Postgres unreachable due to volume fsync latency spike on us-east4-eqdc4a (2026-05-12 UTC) — RCA?

Question

Posting publicly to ask Railway for an RCA — [status.railway.com](http://status.railway.com) shows nothing for this window.

A Postgres service on a persistent volume in us-east4-eqdc4a (image postgres-ssl:17) became unreachable on 2026-05-12.

App-side symptoms: statement timeout on simple session/messages updates and selects, then connections refused. No app

or DB changes in the prior 30 hours, workload steady.

Looking at log\_checkpoints, the underlying cause looks like a clean degradation of single-file fsync latency:

checkpoint complete series (UTC)

┌─────────────────────┬──────────┬───────────────┬────────────────┐

│ Time │ sync │ longest fsync │ distance (WAL) │

├─────────────────────┼──────────┼───────────────┼────────────────┤

│ 05-11 18:01 │ 0.015 s │ 0.012 s │ 54 kB │

├─────────────────────┼──────────┼───────────────┼────────────────┤

│ 05-11 21:46 │ 0.077 s │ 0.065 s │ 65 kB │

├─────────────────────┼──────────┼───────────────┼────────────────┤

│ 05-11 21:51 │ 0.647 s │ 0.557 s │ 719 kB │

├─────────────────────┼──────────┼───────────────┼────────────────┤

│ 05-11 22:22 │ 4.231 s │ 3.667 s │ 403 kB │

├─────────────────────┼──────────┼───────────────┼────────────────┤

│ 05-12 00:01 → 00:07 │ 76.843 s │ 31.879 s │ 8 kB │

└─────────────────────┴──────────┴───────────────┴────────────────┘

longest went from \~50 ms to 31.879 s to flush 8 kB of WAL — \~4000× over baseline with workload essentially idle, so

this can't be explained by app pressure. App-visible breakage started 7 minutes after the catastrophic checkpoint:

2026-05-12 00:14:16 UTC ERROR: canceling statement due to statement timeout

while locking tuple (41,32) in relation "session"

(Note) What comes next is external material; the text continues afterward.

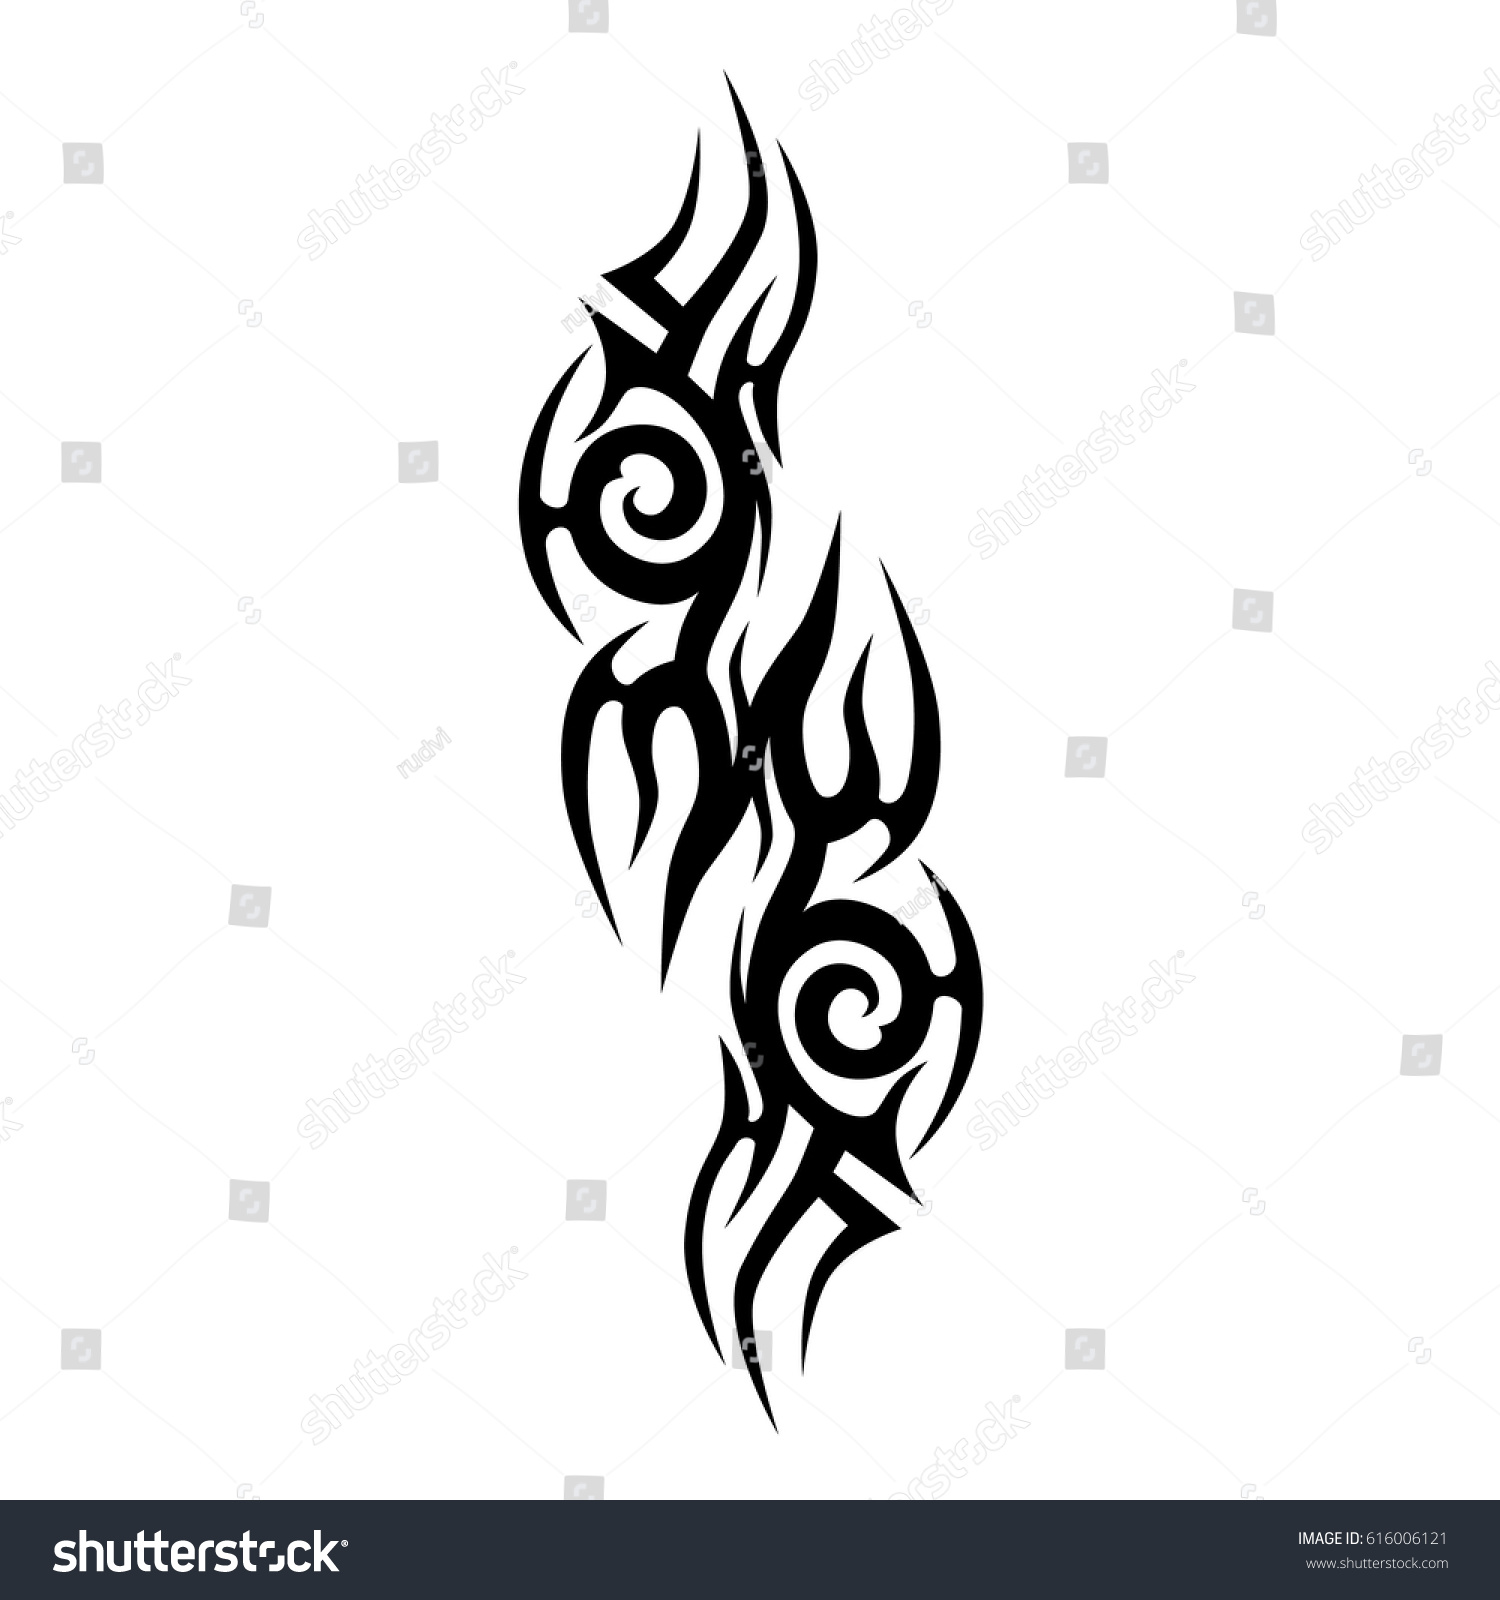 Tribal Tattoo Art Designs Sketched Simple Stock Vector 616006121 ...

STATEMENT: update "session" set "expiresAt" = $1, …

PG logs in this window contain no FATAL / PANIC / ENOSPC / could not extend file. Volume usage at the time was \~1%. So

it's not disk-full, not a PG fault, not a code change.

We resized the volume as a mitigation at \~01:32 UTC. After the remount, PG reached ready to accept connections in 1.2

s on the same data. The next hour of checkpoints, on a higher workload than during the failure:

┌─────────────┬─────────┬─────────┬───────────┐

│ Time │ sync │ longest │ distance │

├─────────────┼─────────┼─────────┼───────────┤

│ 05-12 01:38 │ 0.043 s │ 0.015 s │ 1 693 kB │

├─────────────┼─────────┼─────────┼───────────┤

│ 05-12 01:46 │ 0.126 s │ 0.036 s │ 13 572 kB │

├─────────────┼─────────┼─────────┼───────────┤

│ 05-12 02:14 │ 0.108 s │ 0.027 s │ 8 594 kB │

├─────────────┼─────────┼─────────┼───────────┤

│ 05-12 02:22 │ 0.190 s │ 0.065 s │ 17 272 kB │

└─────────────┴─────────┴─────────┴───────────┘

Back to \~15–200 ms longest. Everything else unchanged — same image, same data, same volume handle — only the

underlying mount changed.

Asks

1\. Was there a storage-host event on us-east4-eqdc4a during 05-11 21:51 → 05-12 01:32 UTC?

2\. Did the resize-triggered remount move the volume to a different physical host? Post-recovery numbers strongly

suggest yes.

3\. Anyone else on us-east4-eqdc4a see fsync drift in this window? Would help to correlate.

Would really appreciate an RCA even retroactively.